I wonder whether the stability of acetoacetyl-CoA might be improved by using pH 7.0 instead of 8.0.

Good afternoon dear, acetoacetyl-CoA was very important for brain, so it's must be with a special conditions such as temperature 37, Ph 7.

I tested different ph for my assay and figured basic ph worked better 8.0 or 8.4. The enzyme activity is important too. I had low detergent for solubility too. I think it was 0.1% triton.

I wonder whether you are noticing basic issues and not very specific ones.  I will list them in no particular order and I hope the list will help

- why NADH instead of NADPH?

- Buffer (Tris) is the right one according to literature ?

- AcetoacetylCoa makes anything strange if solved in tris and with NADPH? I Assume that you buy it from a "good" vendor and nothing happens in Tris plus NADPH, i.e. no unstability should be noticed when you mix these two compounds in the appropriate inert buffer the absence of any cell extract.

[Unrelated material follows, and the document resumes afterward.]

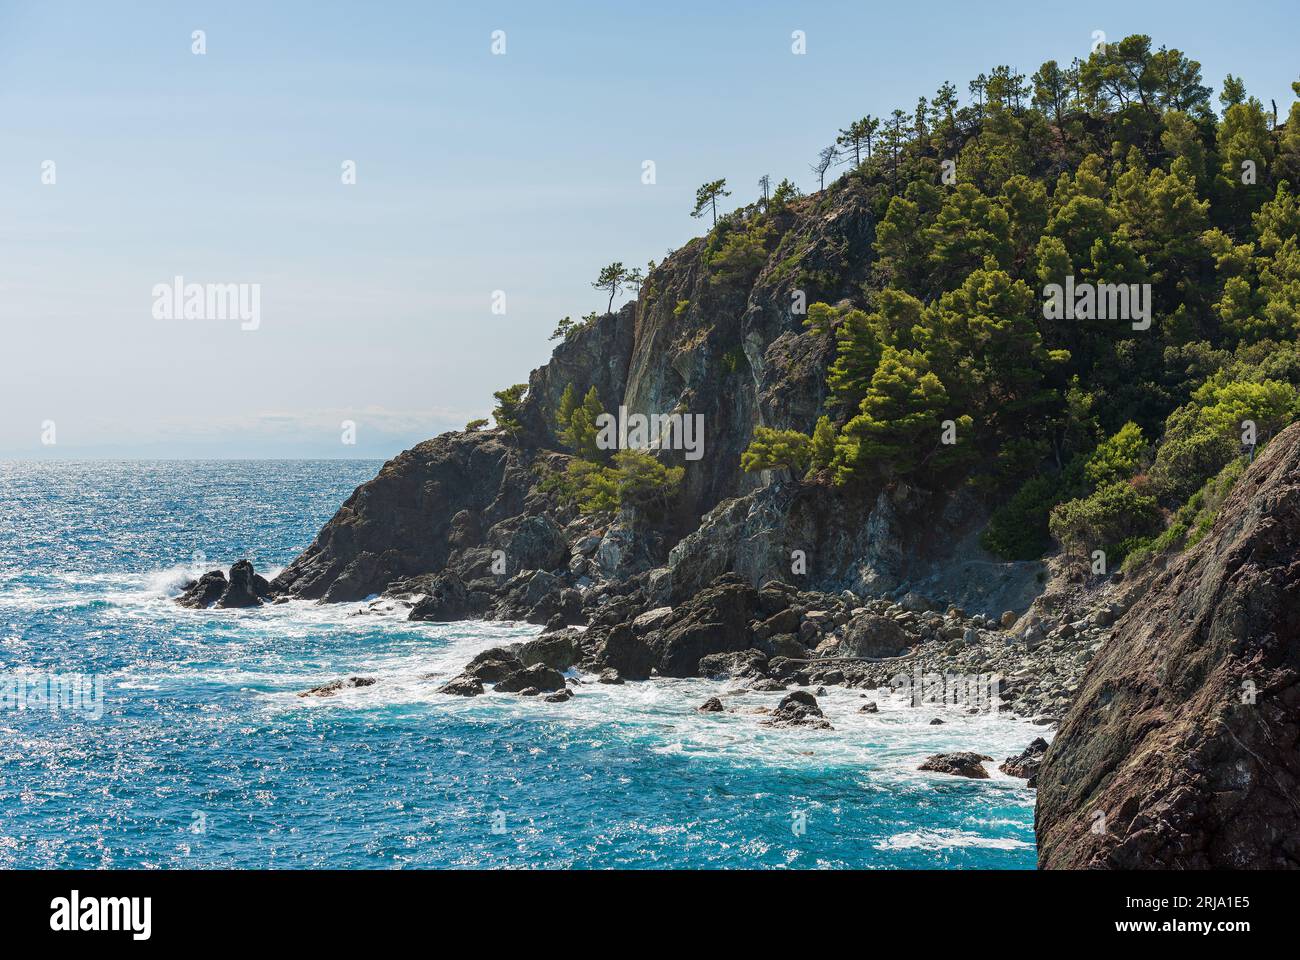 Costa rocciosa e scogliere con il blu del Mediterraneo, tra il piccolo paese di Framura e Bonassola, cinque Terre, la Spezia, Liguria, Italia. Foto Stock

- If everything above goes well  you should be careful with the extract you use from Polyphosphate-accumulating organisms. First of all you must remove all small compounds from the extract (use a PD10 dessalting column) and be sure you use the fraction in which the reductase should be in these organisms (not familiar to me)

- If still you notice strange things please tell details and with these new details I may have more suggestions .

Thanks everyone for your suggestions! I tried the enzymatic assay at pH of 7.0 and 8.0. However, 8.0 showed less degradation than 7.0. Measuring at 30°C seemed to have improved the AcAcCoA stability.